Credit: Original article published here.
Up to 38% of patients with end-stage renal disease experience cognitive impairment. The risk for developing neurocognitive impairment is increased in patients on maintenance hemodialysis and is associated with increases in disease progression and recovery time. Patients who are referred to evaluation for placement on the kidney transplant waitlist may or may not be referred to neurocognitive evaluation (NCE).
Barcenia Morgan, MD, and colleagues at the University of Texas Medical Branch, Galveston, Texas, conducted a retrospective cohort study to examine the discrepancies between referred and nonreferred patients in waitlist placement rates, transition time from initial evaluation to waitlist, and selection for transplant surgery. The researchers reported results of the study during a poster session at the National Kidney Foundation Spring Clinical Meetings 2023 in a poster titled Renal Transplant Transition Rates After Neurocognitive Evaluation in ESRD.
The study cohort included 1719 patients evaluated for kidney transplant from January 2015 to December 2019 at a single center. The cohort was divided into two groups: (1) 155 patients who were referred for NCE prior to consideration for renal transplant and (2) 1564 patients who were not referred for NCE.
The researchers compared outcomes between the two groups, including waitlist rates, time from evaluation to waitlist assignment, and rates of transplant surgery. P values were calculated to compare referred and nonreferred patients for each of the three outcomes. Patient demographics, medications, and comorbidities were also reviewed.
Of the patients included in the overall cohort, approximately 9.0% were referred for NCE prior to consideration for renal transplant. Of the overall cohort, 48.4% were female, 25.2% were non-Hispanic White, 37.4% were non-Hispanic Black, and 34.8% were Hispanic. Among the patients referred for NCE, 32.9% had depression, 29.2% had anxiety, and 16.8% had a previous cerebral vascular accident.
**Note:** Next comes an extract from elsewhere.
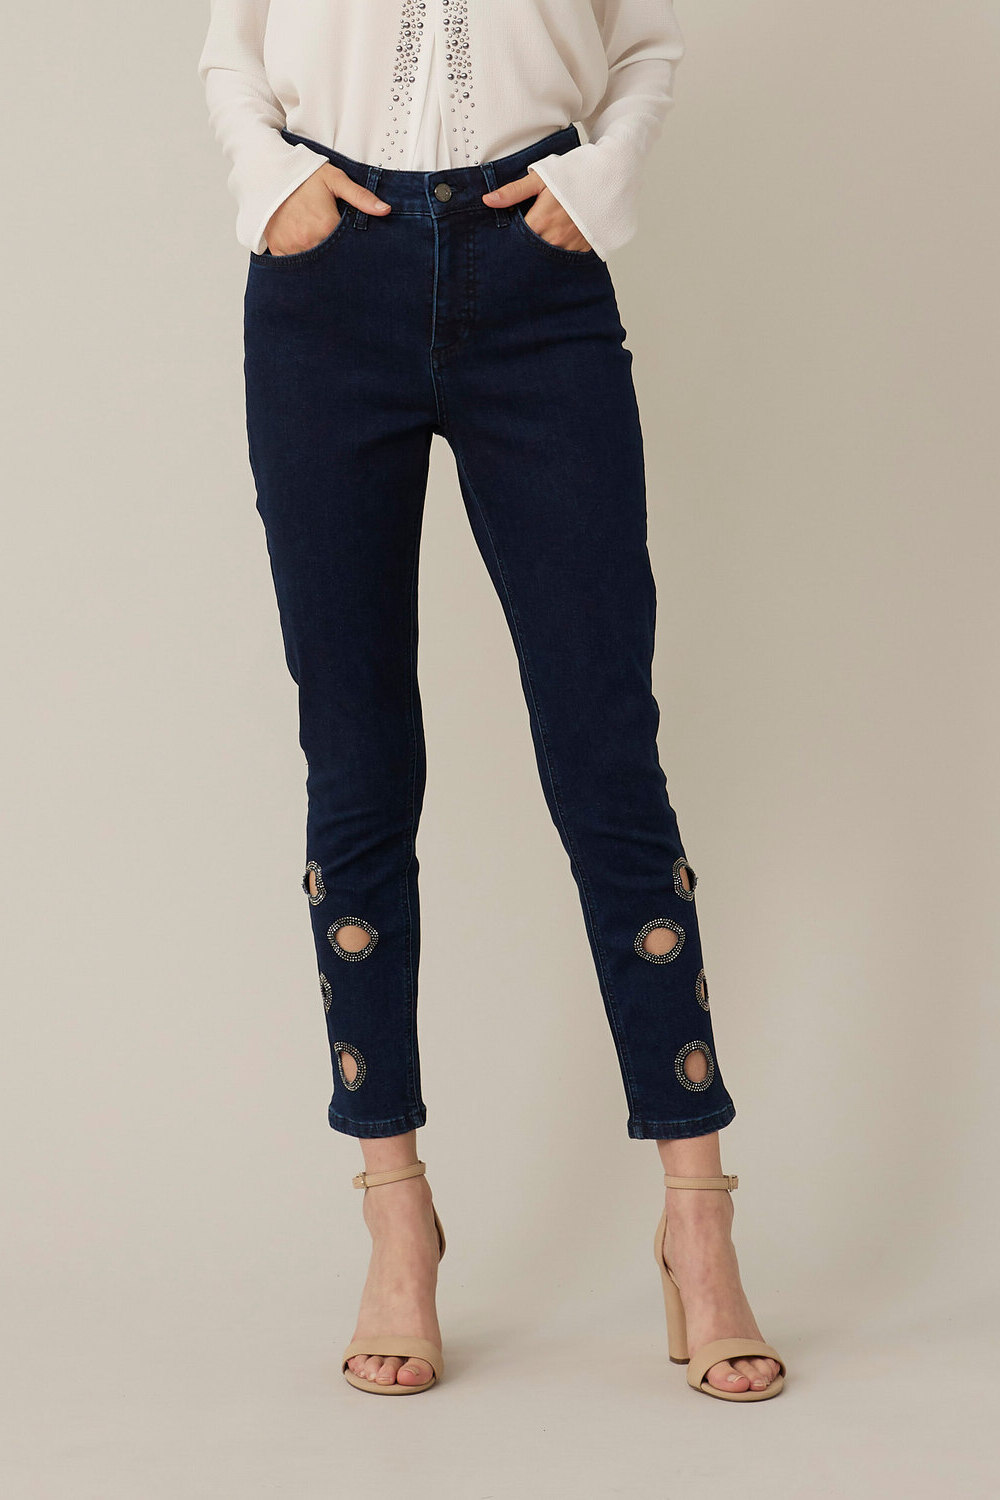 Joseph Ribkoff Cut-Out Jeans Style 221942. Dark Denim Blue
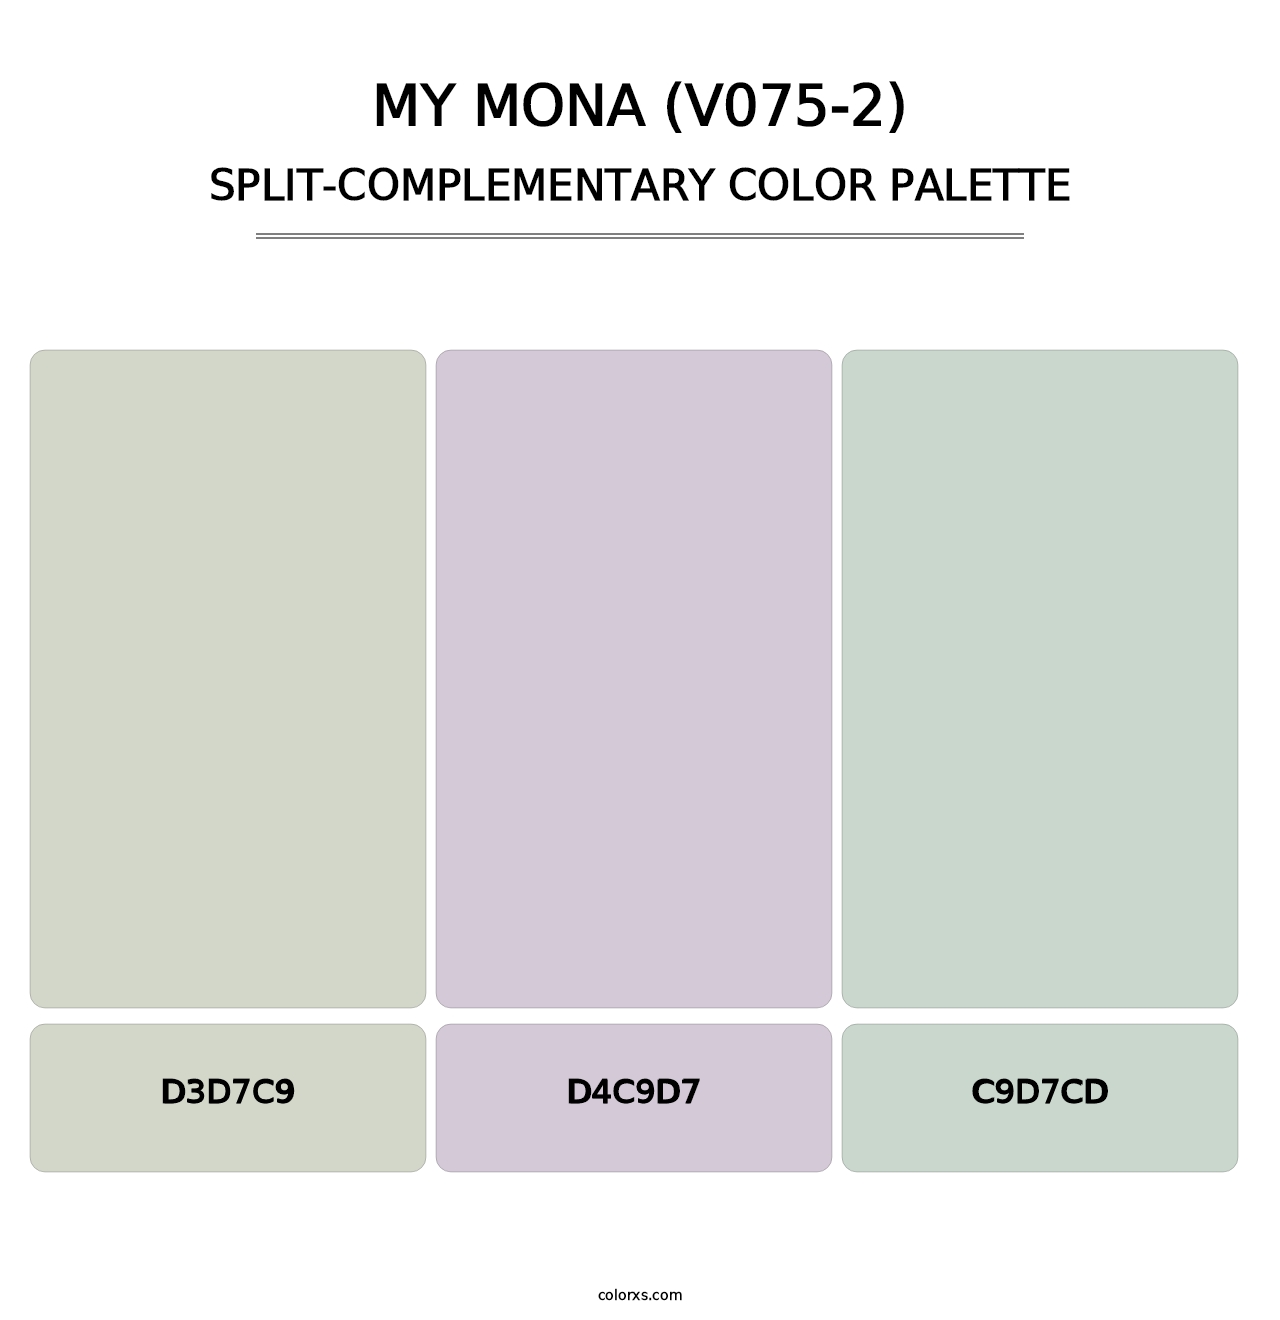 My Mona (V075-2) - Split-Complementary Color Palette

Among the group referred for NCE, 36.8% were placed on the waitlist, compared with 49.6% of those not referred for NCE (P=.002). The time of transition from evaluation to waitlist placement was 7.5 months among patients in the NCE group compared with 4.6 months among patients in the nonreferred group (P=.003). Rates of kidney transplant were 15.5% in the group referred for NCE and 18.2% in the group not referred for NCE (P=.444).
In conclusion, the authors said, “Candidates without NCE referral were placed on the kidney transplant waitlist significantly faster and had a higher rate of placement overall. Nonreferred patients had an insignificantly higher rate of transplant surgery. Thus, in eligible [end-stage renal disease] ESRD patients, NCE referral may be corelated with longer time-to-waitlist, lower waitlist attainment rates, and lower transplant surgery attainment rates.”
Source: Morgan B, McCoy M, Thomas D, Garate D, Kueht M, Samper-Ternent R. Renal transplant rates after neurocognitive evaluation in ESRD. Poster #433. Abstract of a poster presented at the National Kidney Foundation Spring Clinical Meetings 2023; April 11-15, 2023; Austin, Texas.